## Data provided
+ + + + +
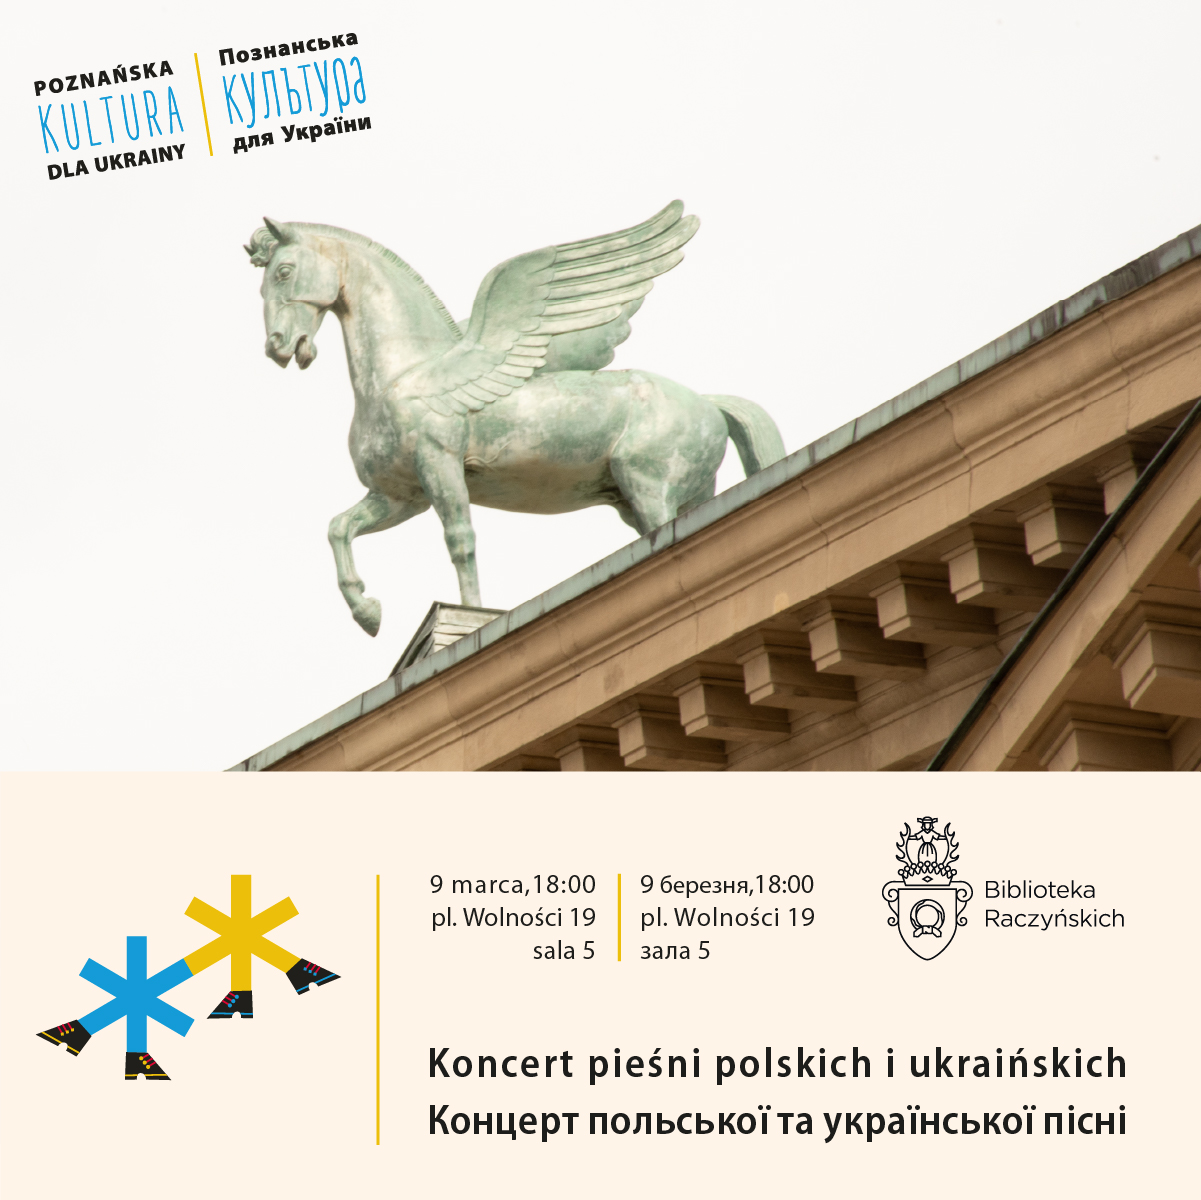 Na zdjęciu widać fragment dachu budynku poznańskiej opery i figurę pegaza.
+ + + + +
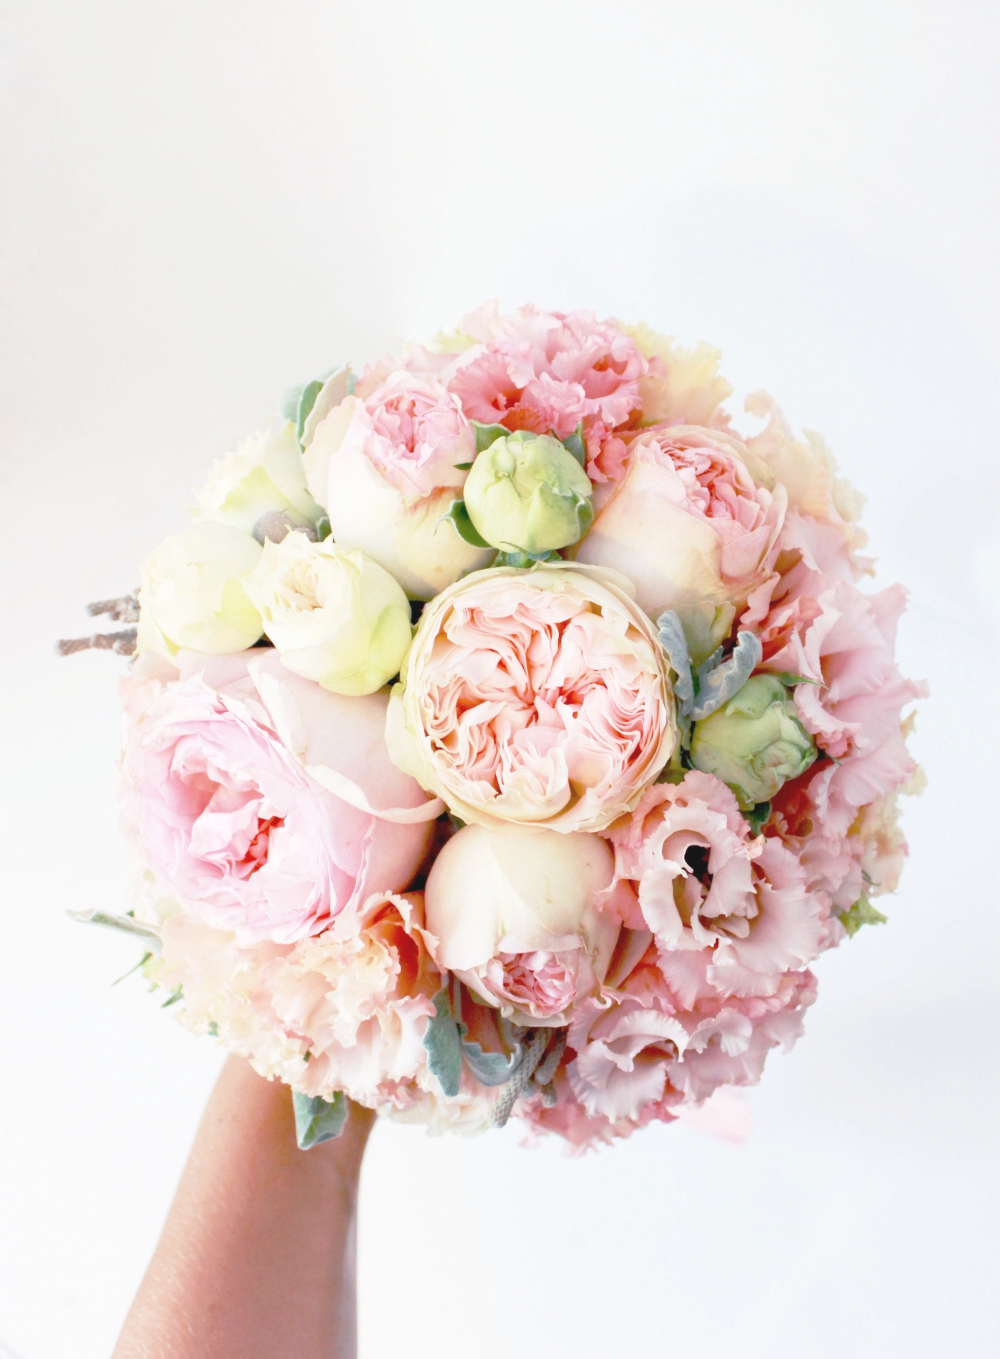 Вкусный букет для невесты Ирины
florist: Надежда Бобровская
+ + + + +
## Exercise description
Working from the entries above, reproduce exactly and only the lines beginning with the line that has "Вкусный букет для невесты Ирины" and ending with the line that has "florist: Надежда Бобровская"; omit all pictures.

## Expected output
 Вкусный букет для невесты Ирины
florist: Надежда Бобровская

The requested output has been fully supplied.